[Records contained in a dataset]

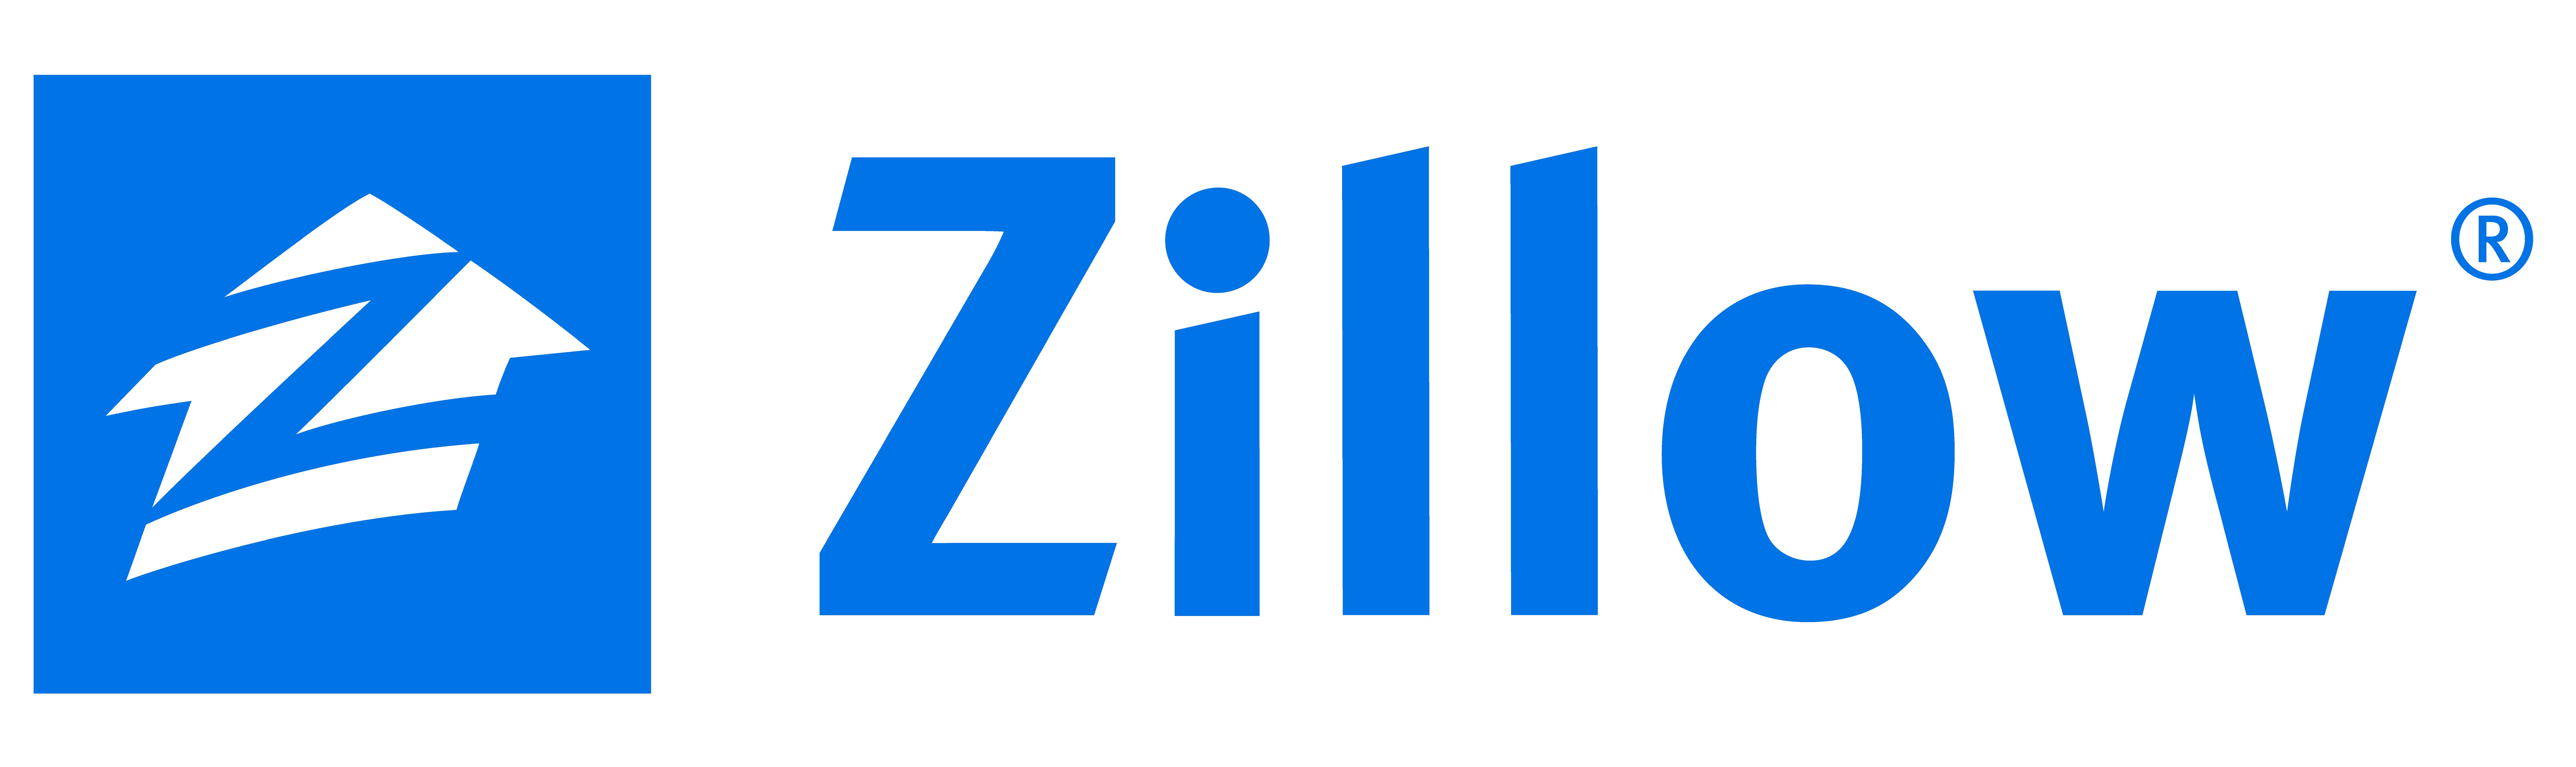 Cvpr2017 for Call zillow
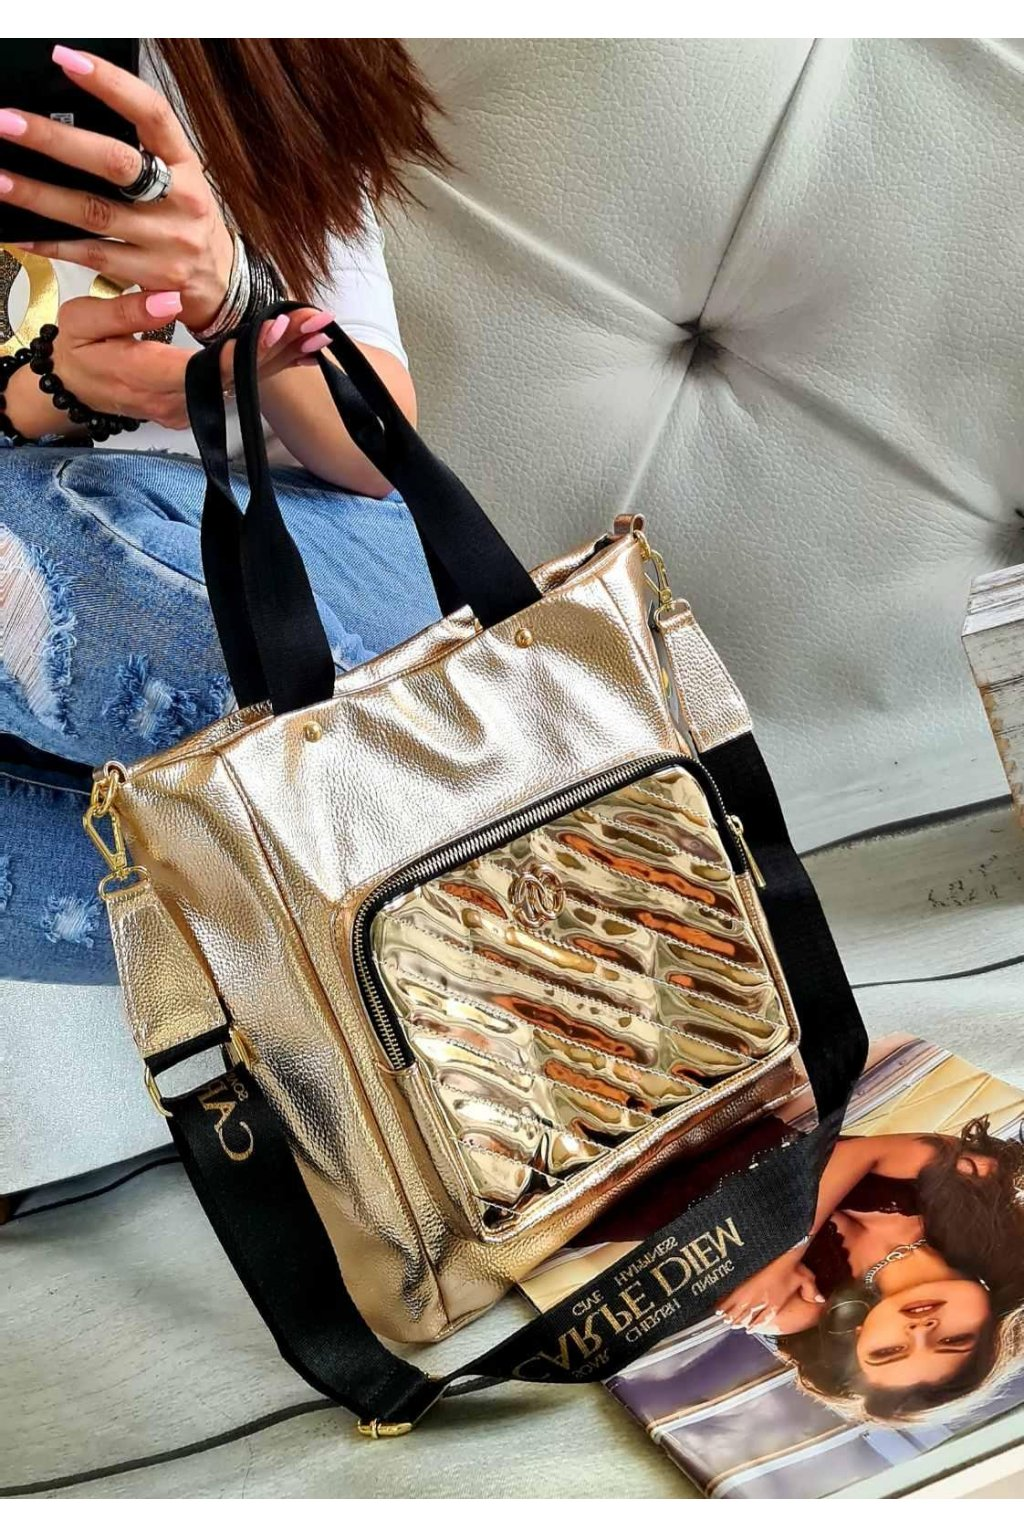 Carpe diem kabelka trendy značková luxusní gold zlatá
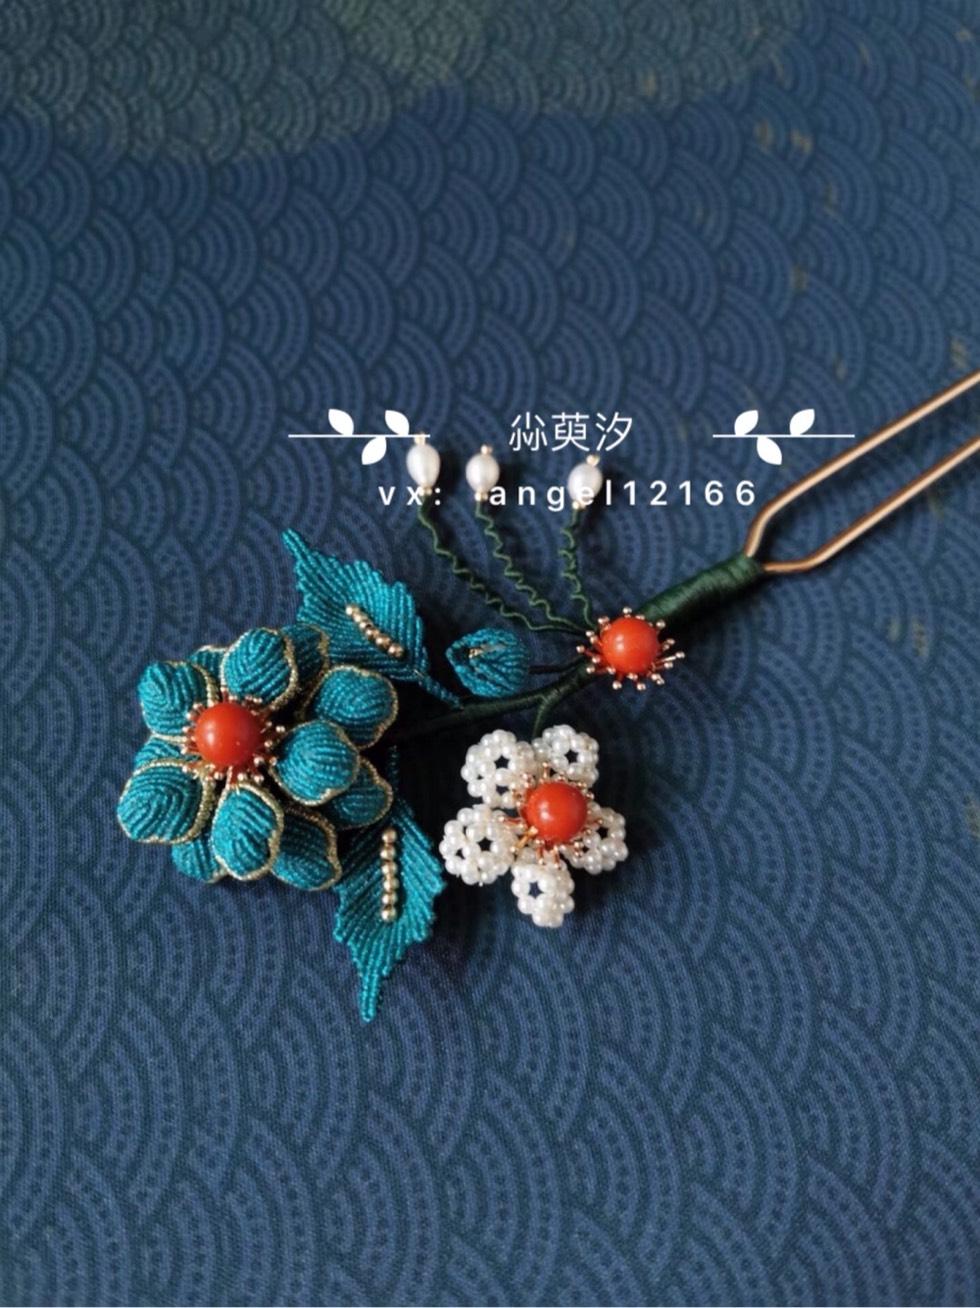 中国结论坛 仿点翠花簪系列 系列,翠花,点翠 作品展示 163820pw1kpw31wzpqn1ya
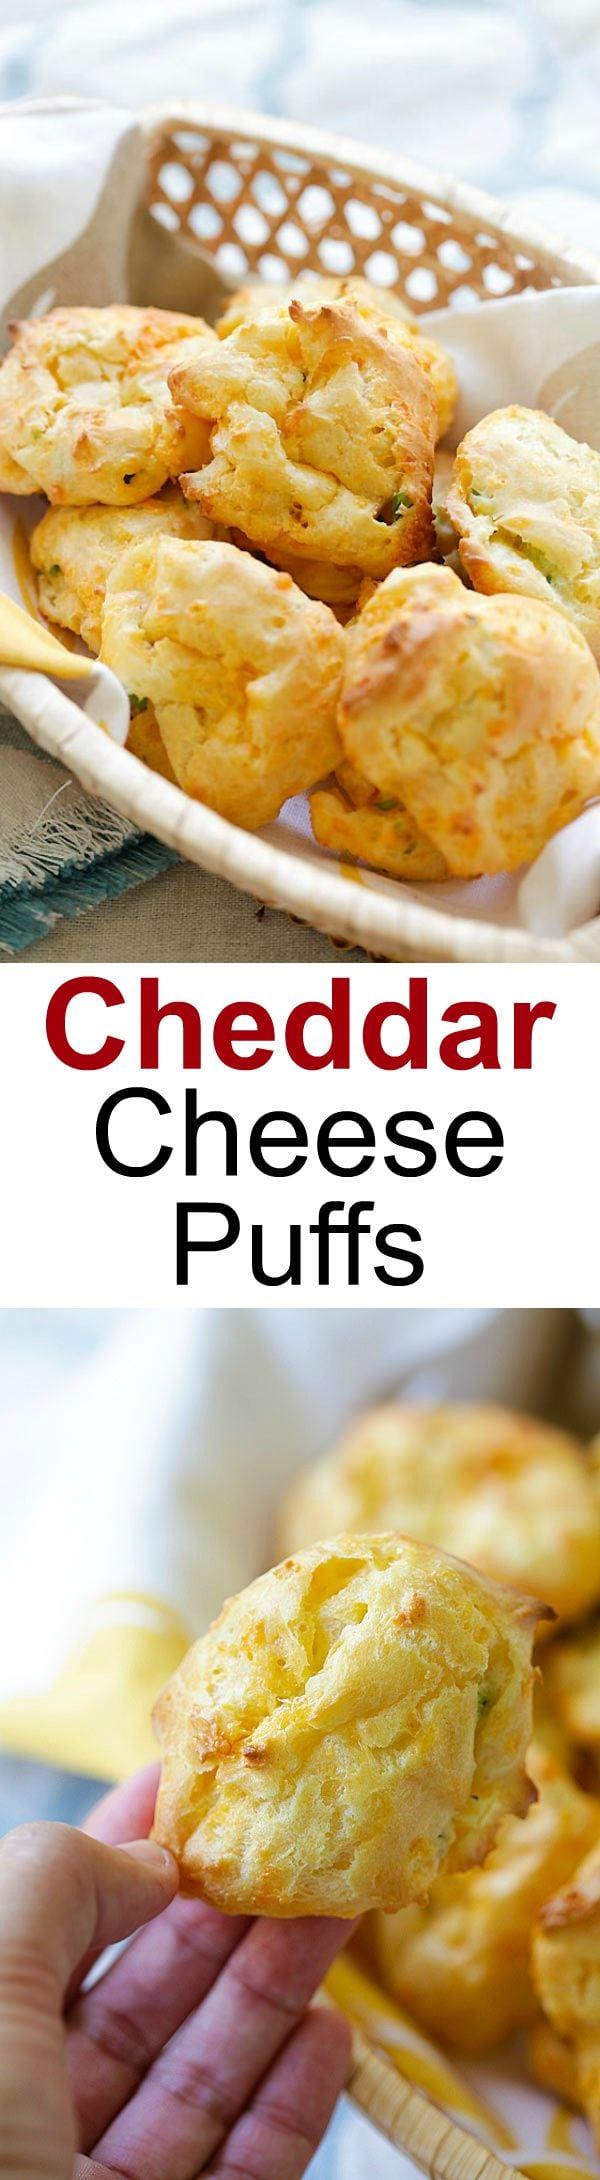 Choux au fromage cheddar - Pâte feuilletée française chargée de fromage cheddar et d'oignons verts hachés, si beurrée, fromagée, délicieuse et facile à préparer!  |  rasamalaysia.com
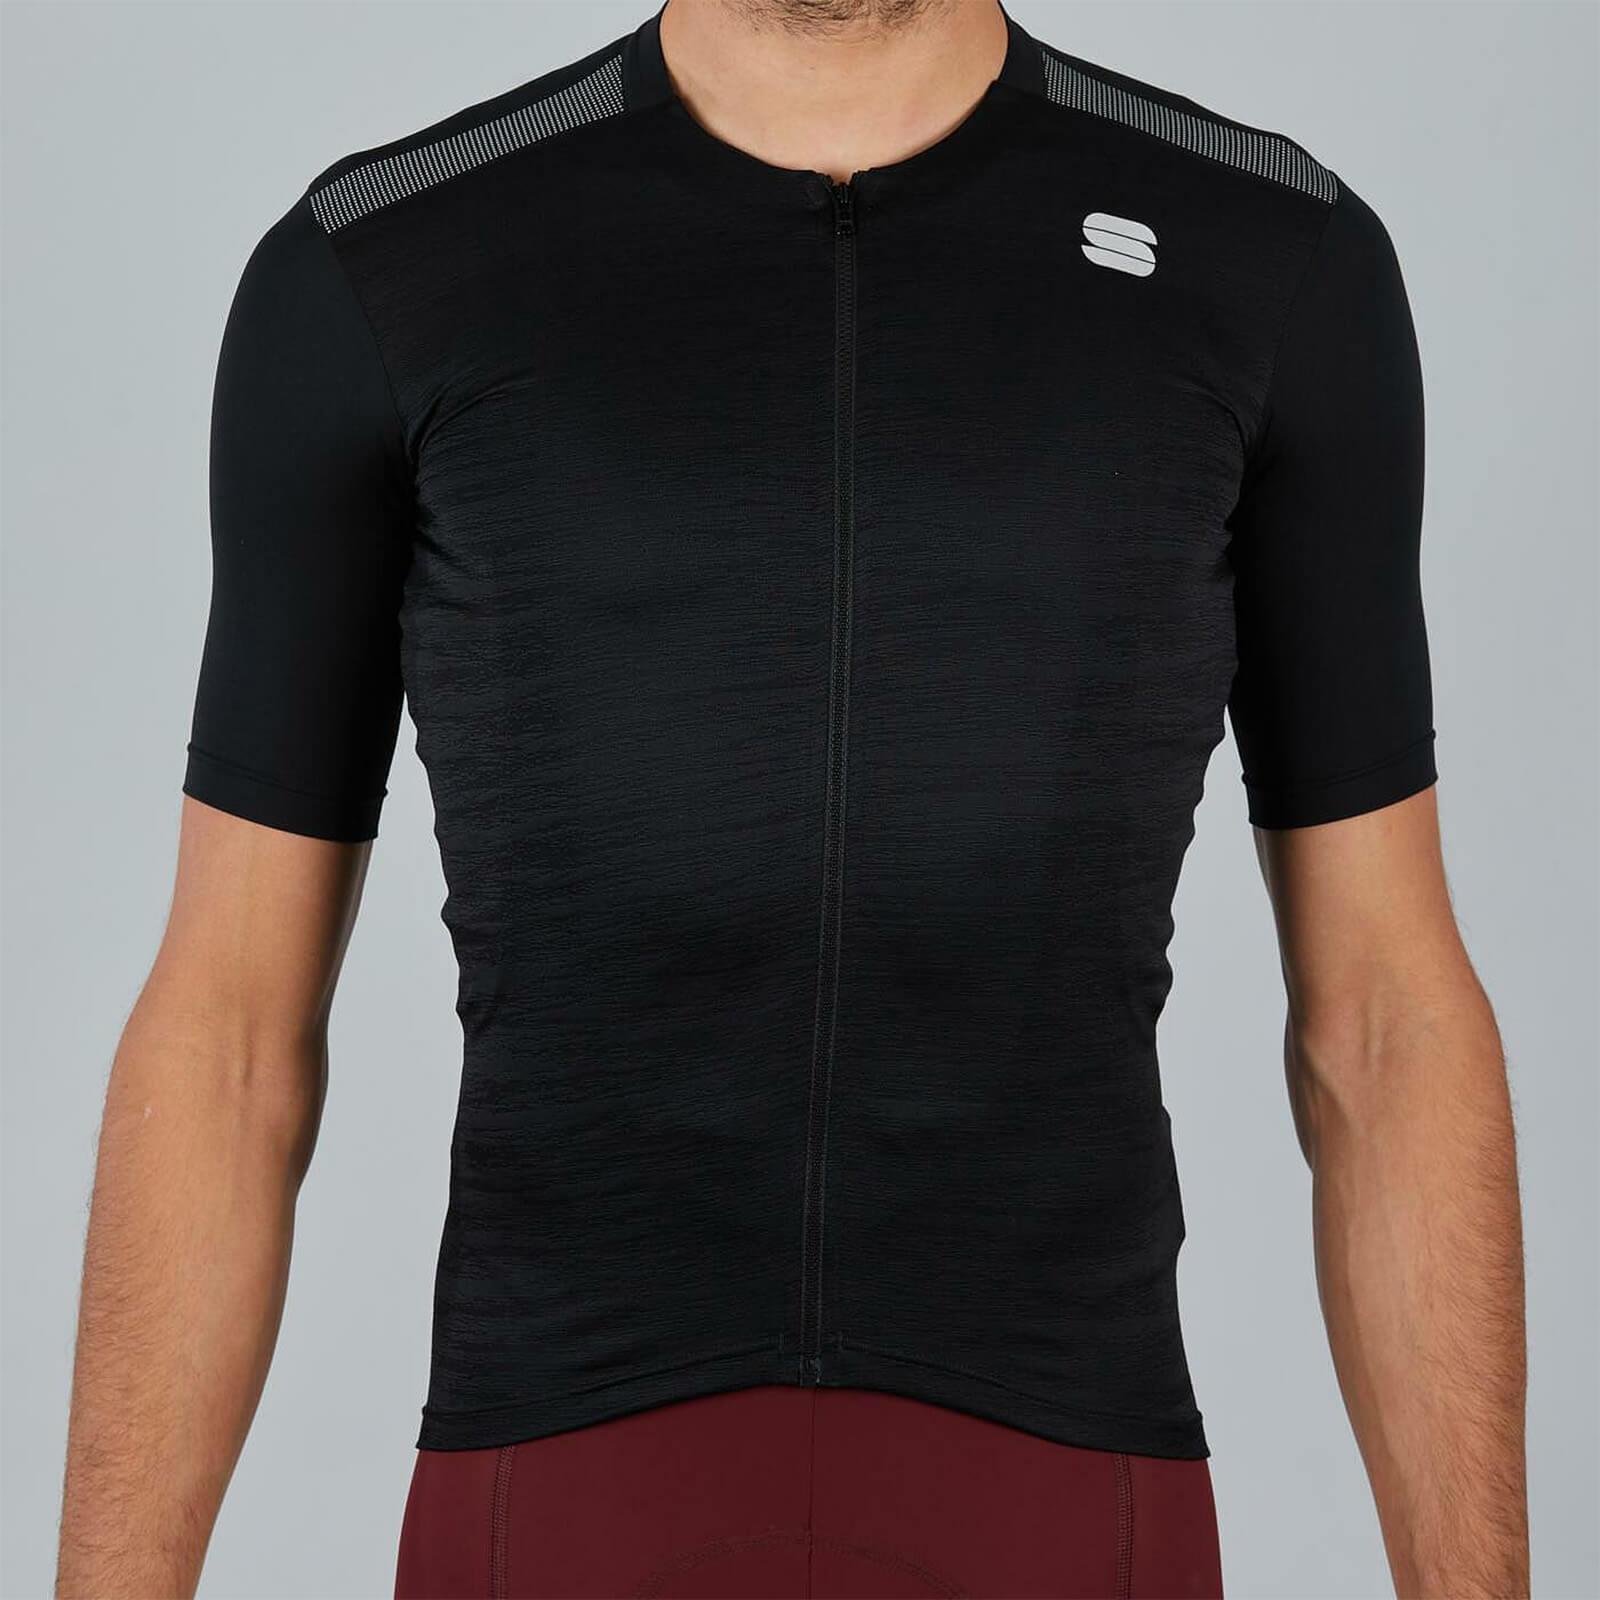 Sportful Supergiara Jersey - M - Black

■ Activity
Every entry, exactly as written: transcribe it, passing over any pictures.

■ Solution to this exercise
 Cvpr2017 for Call zillow
 Carpe diem kabelka trendy značková luxusní gold zlatá
 中国结论坛 仿点翠花簪系列 系列,翠花,点翠 作品展示 163820pw1kpw31wzpqn1ya
 Choux au fromage cheddar - Pâte feuilletée française chargée de fromage cheddar et d'oignons verts hachés, si beurrée, fromagée, délicieuse et facile à préparer!  |  rasamalaysia.com
 Sportful Supergiara Jersey - M - Black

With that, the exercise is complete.